TRY IT ->
Repeat the listing exactly, line by line, and leave the pictures behind.

DATASET CONTENT ->

☆ ☆ ☆ ☆

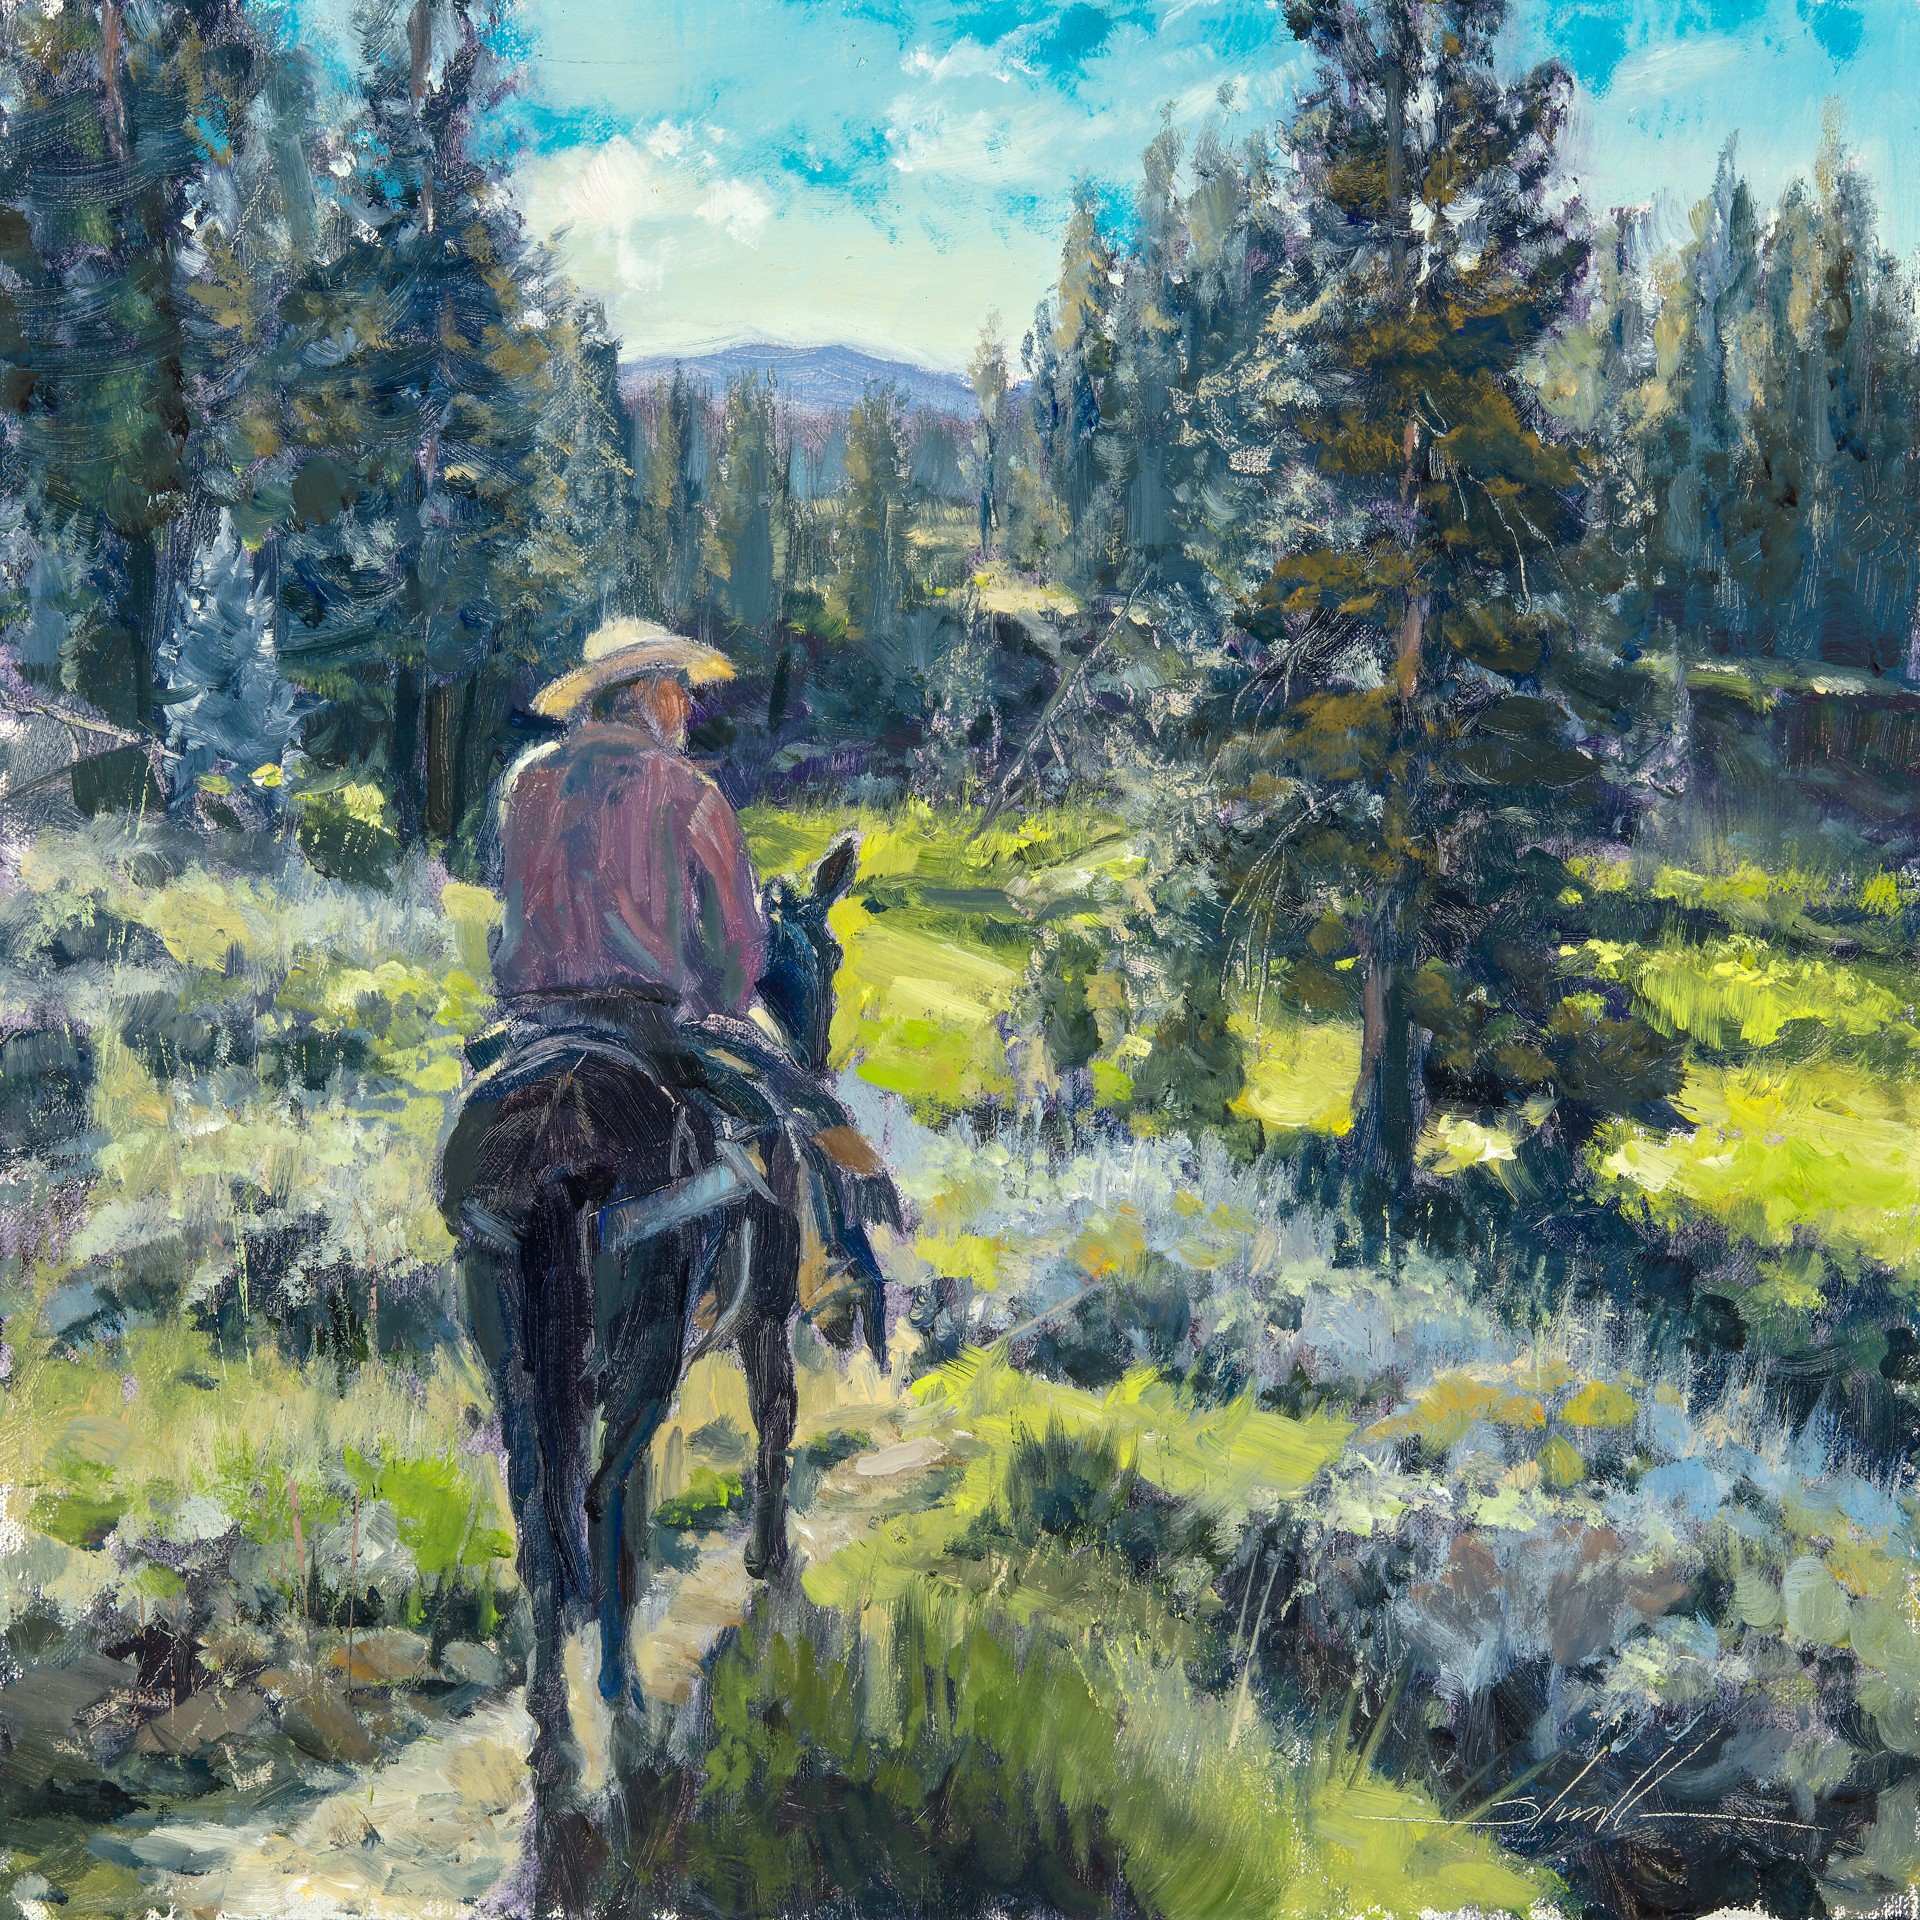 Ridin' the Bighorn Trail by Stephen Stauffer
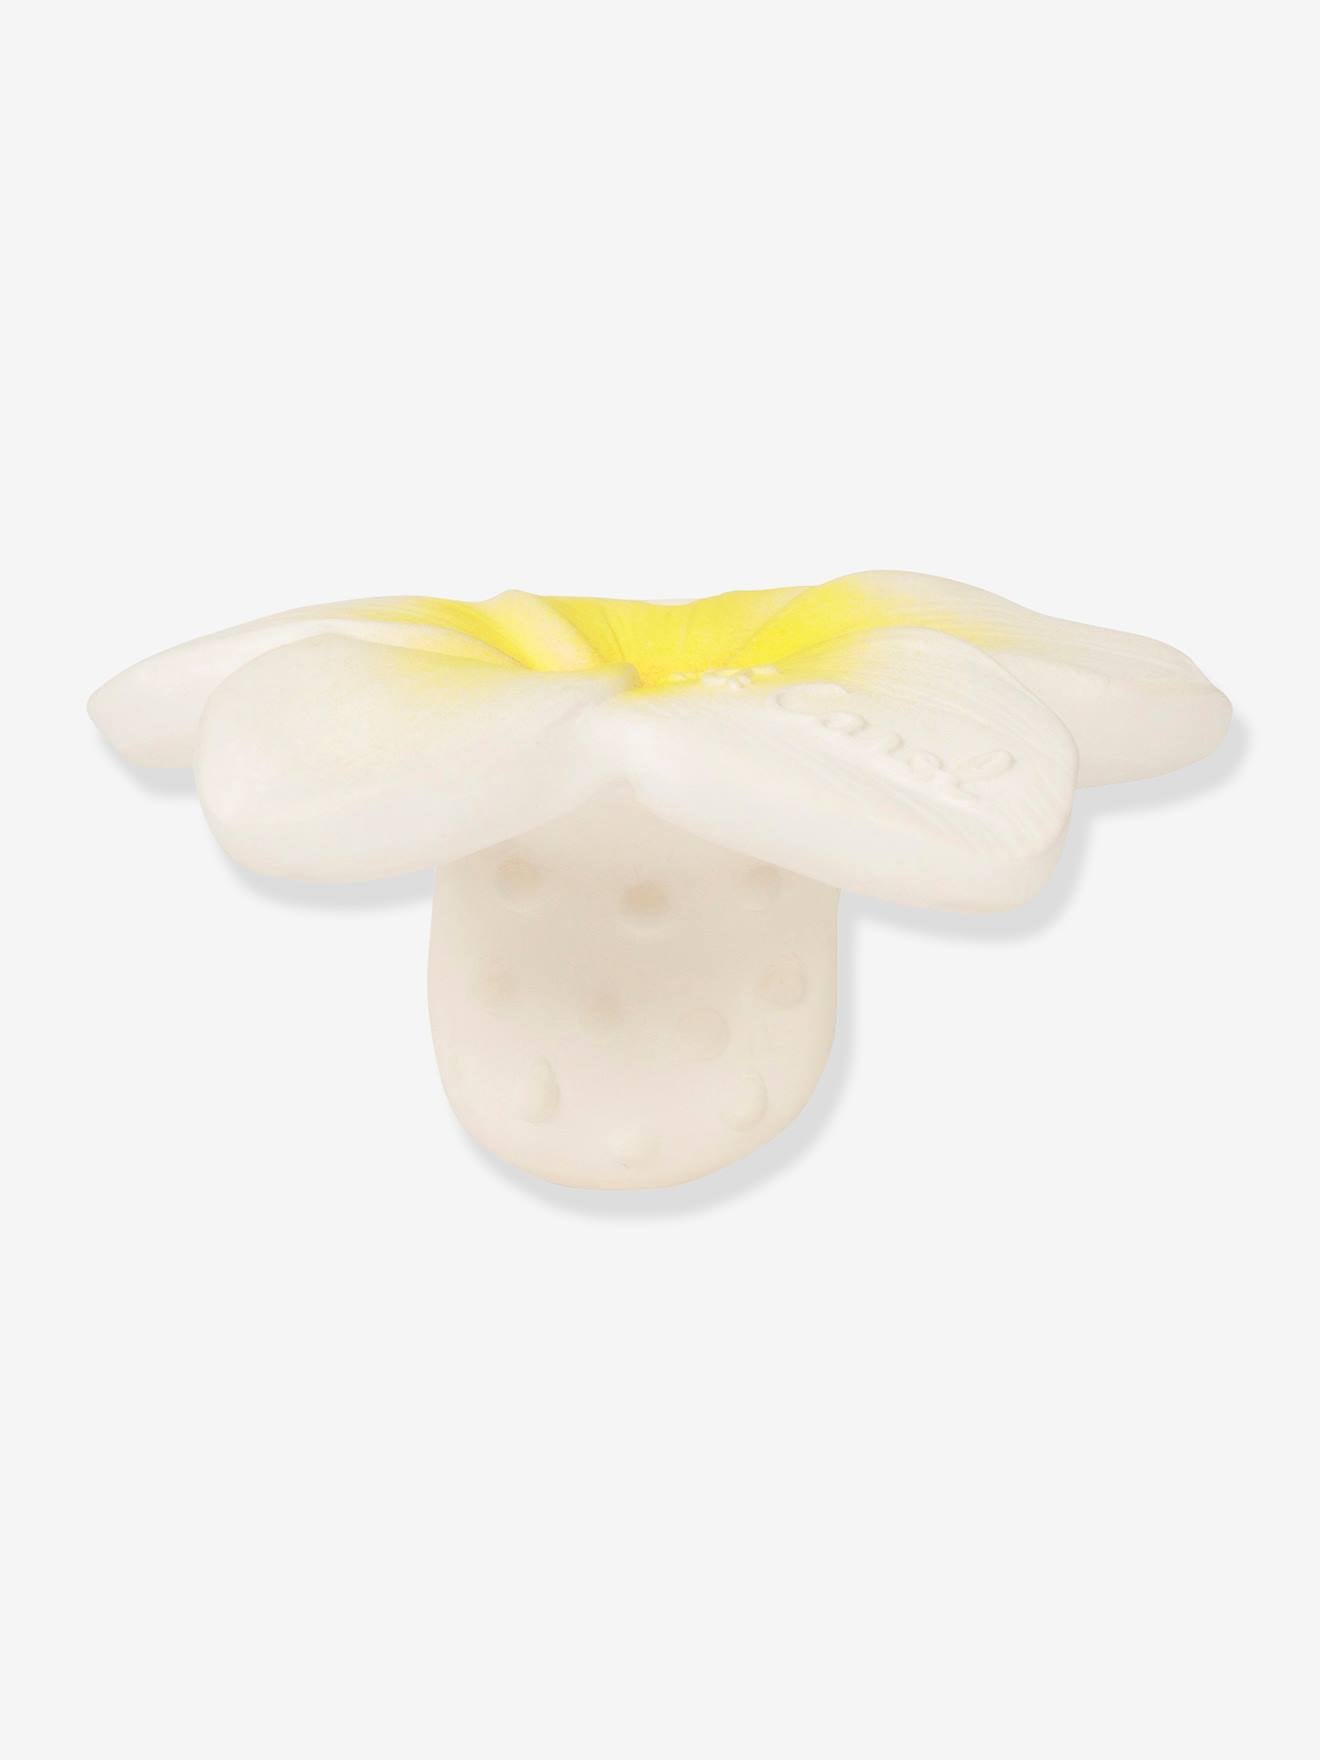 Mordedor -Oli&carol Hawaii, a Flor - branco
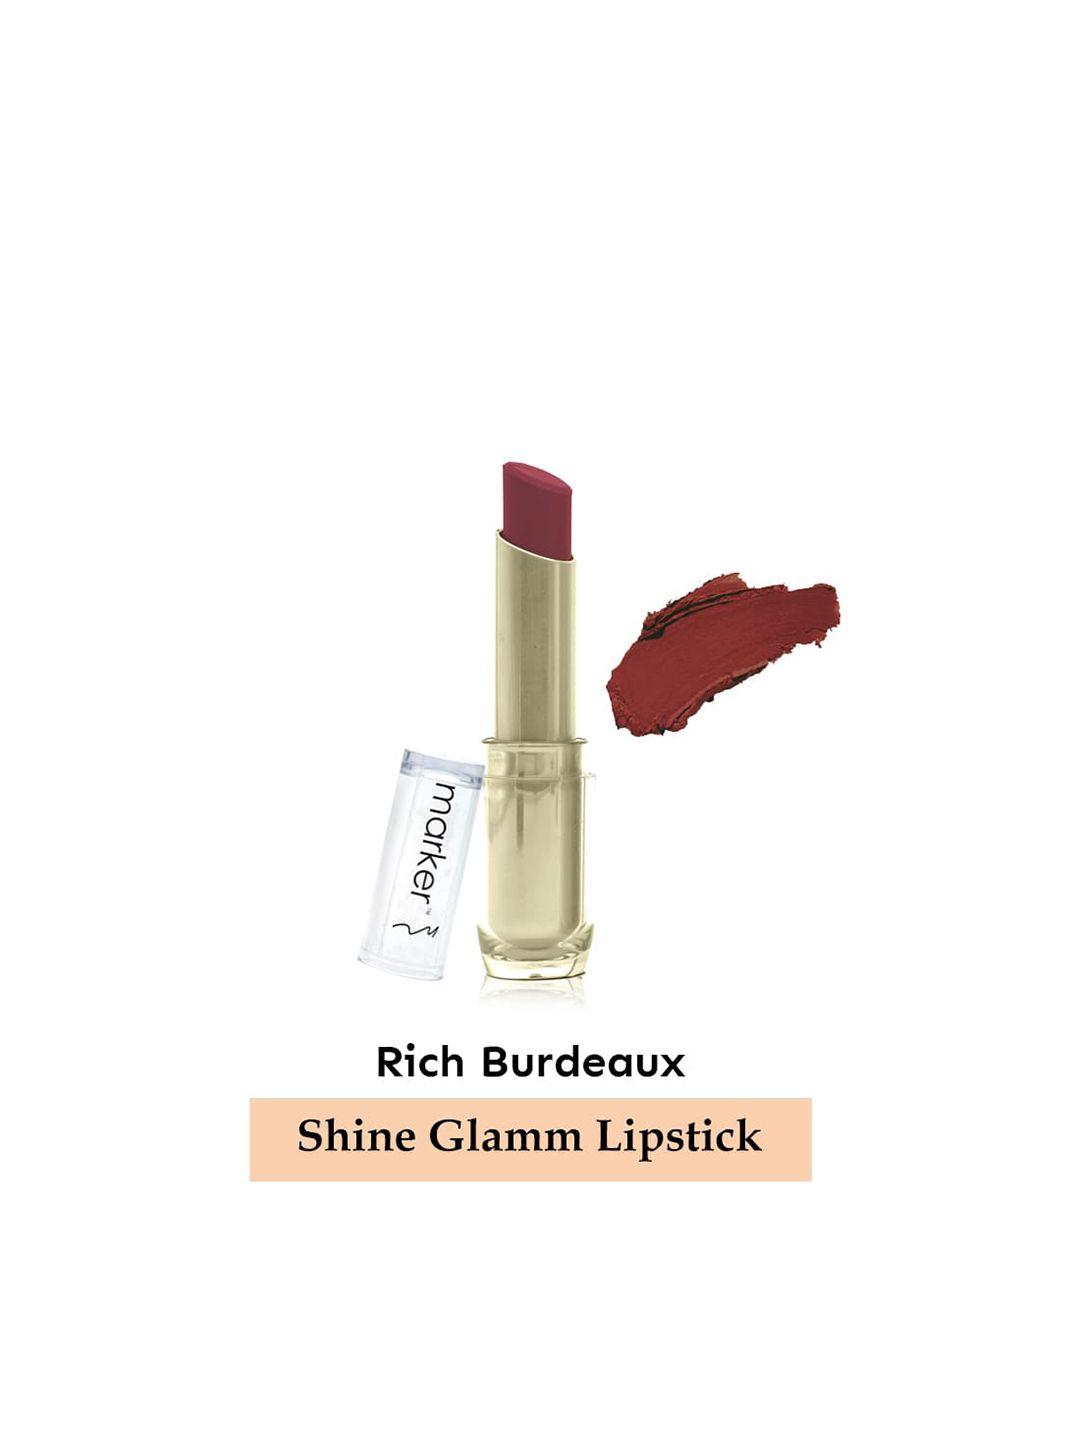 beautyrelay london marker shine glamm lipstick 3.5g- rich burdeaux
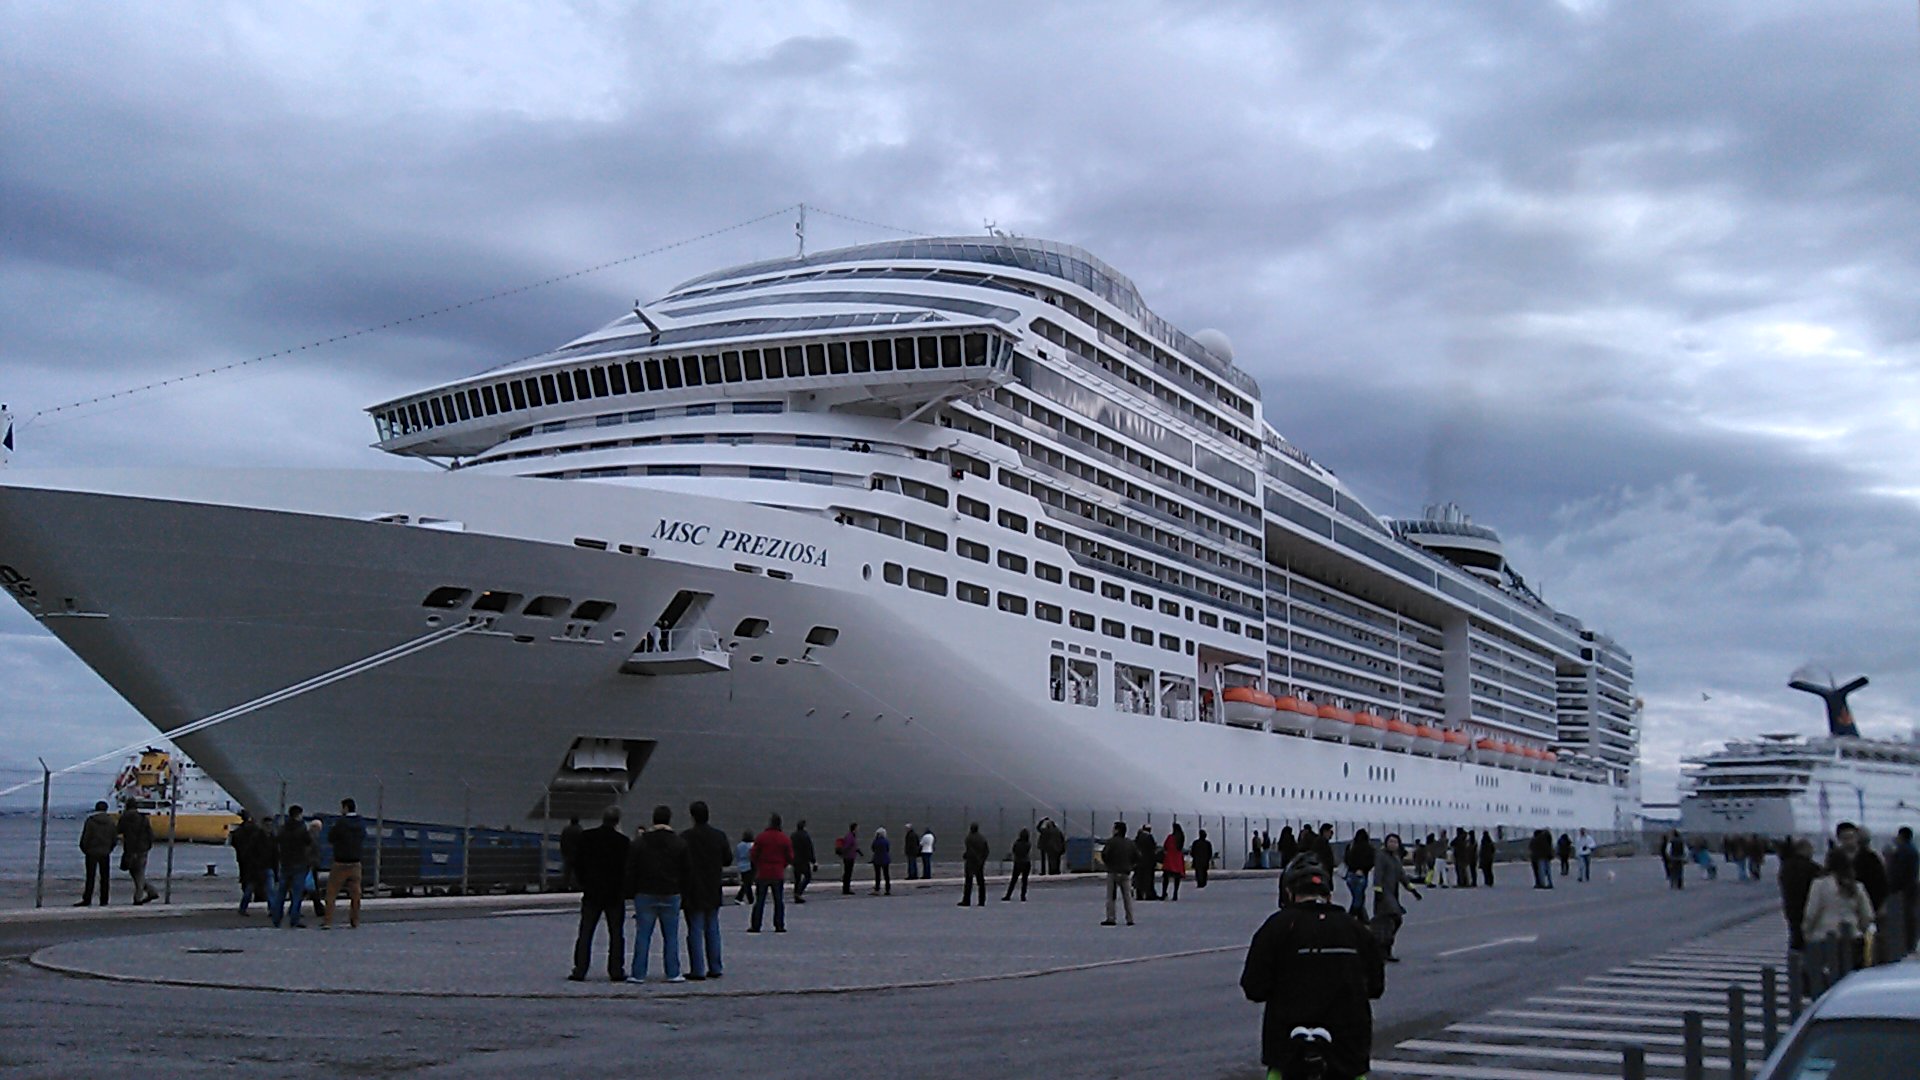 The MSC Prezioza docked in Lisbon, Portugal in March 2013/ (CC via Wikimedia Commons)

☆ ☆ ☆ ☆

TASK SOLUTION ->
 Ridin' the Bighorn Trail by Stephen Stauffer
 Mordedor -Oli&carol Hawaii, a Flor - branco
 beautyrelay london marker shine glamm lipstick 3.5g- rich burdeaux
 The MSC Prezioza docked in Lisbon, Portugal in March 2013/ (CC via Wikimedia Commons)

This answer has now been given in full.